4. Is the face the index of identity in the sculpture of Yoruba?
5. What were the two liabilities in having a sculptural double?
6. Why did second-burial effigies convey a mimetic closeness to their prototypes? How was this achieved?
7. What were the functions fulfilled by sculpture in this culture? And why was naturalism eschewed in general?
8. In what way was the statuette of the deceased twin used?
9. How did the gaze work in regarding portraits in this culture? Is there a similar ambivalence in western culture?
10. What traditions have survived the invention of photography in this region?


5 responses

  1. Hello everyone!
    I apologize for the utter lateness.
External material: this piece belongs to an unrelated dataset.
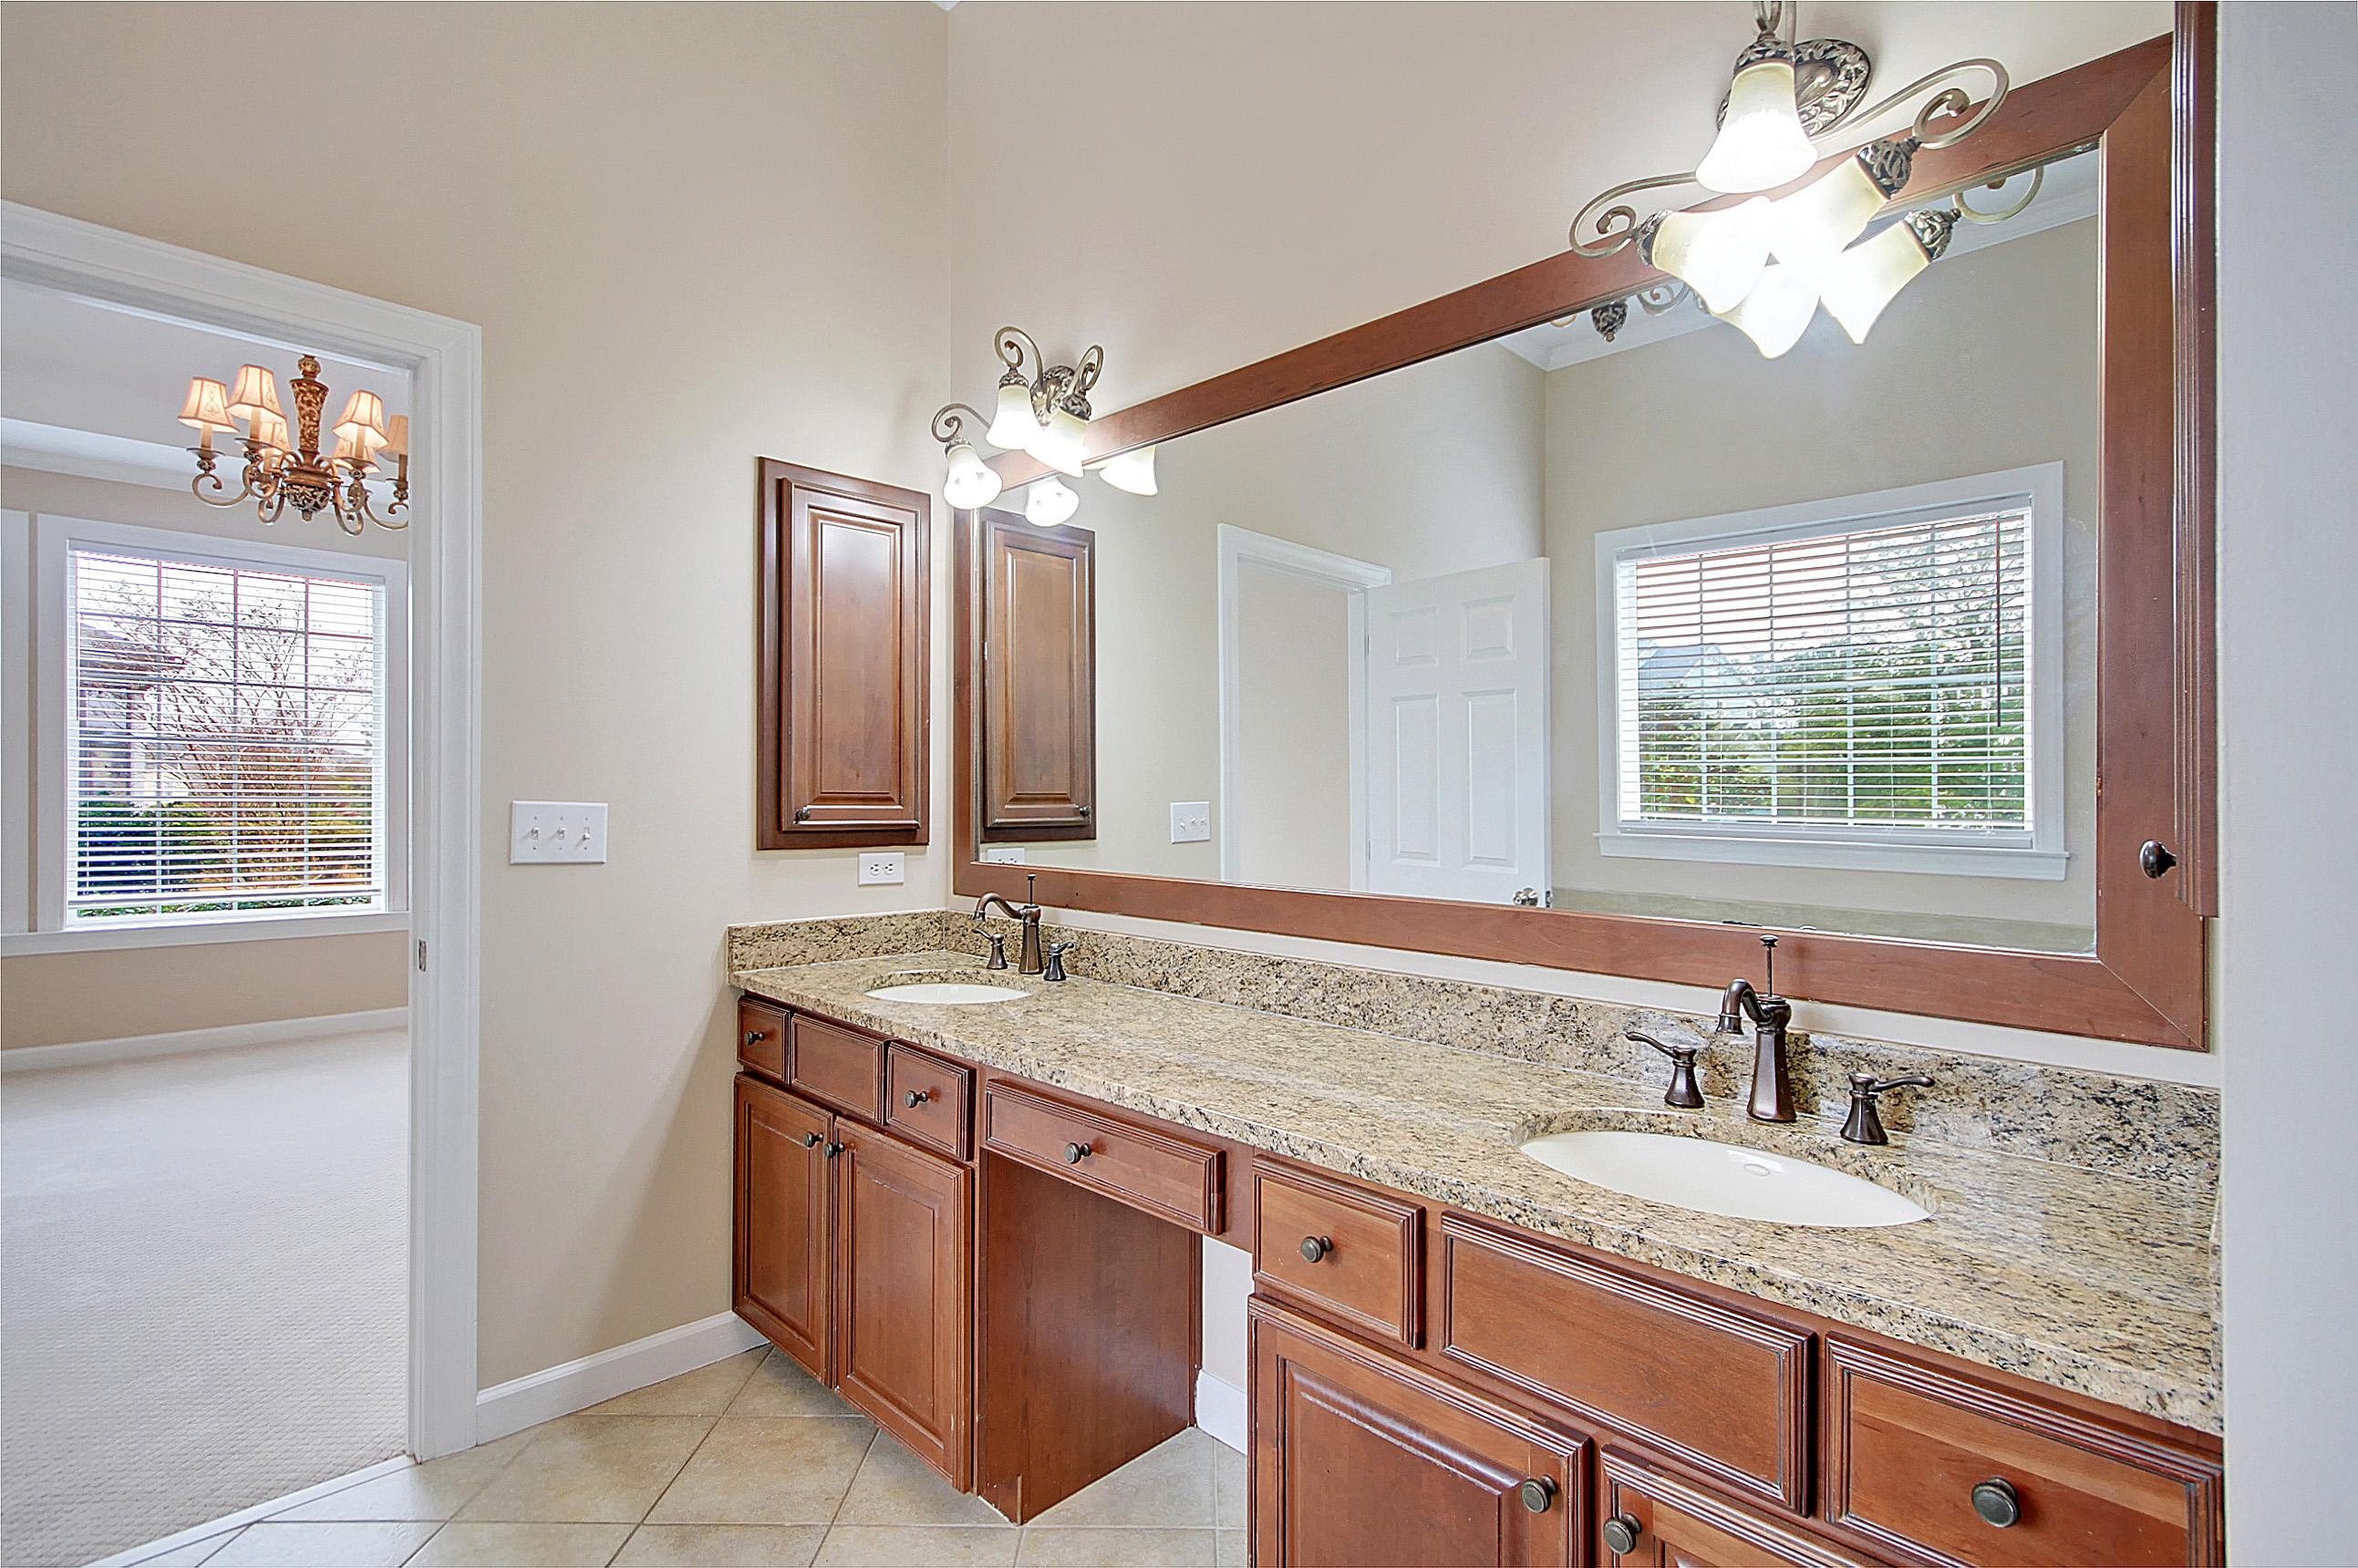 Dunes West Homes For Sale - 1501 Jacaranda, Mount Pleasant, SC - 9

I found this article quite informative about image and identity from the Yoruba perspective, as well as a host of vocabulary for a different aesthetic. I hope you enjoyed the read and I cannot wait to unpack this. Some things to consider:
    1). The Yoruba draw spiritual connections between their crafted images and themselves as active, dynamic and creative people. Are there any parallels to this occurring in Western portrait production? How much does mythology and religious practice figure in the creative process?

    2). “Esu activates the face, the site of perception and communication, reflecting the feelings of pain and pleasure, hope and despair, and other passions associated with temporal existence and behavior. The Yoruba word for a facade is oju-ile, (literally the face of the house) because the facade is to a house what the face is to the body, an index of identity.” (502) Is one’s facial features and expression always indicative of our true emotions/our true self? How do the Yoruba address emotions of their subjects when creating aworan?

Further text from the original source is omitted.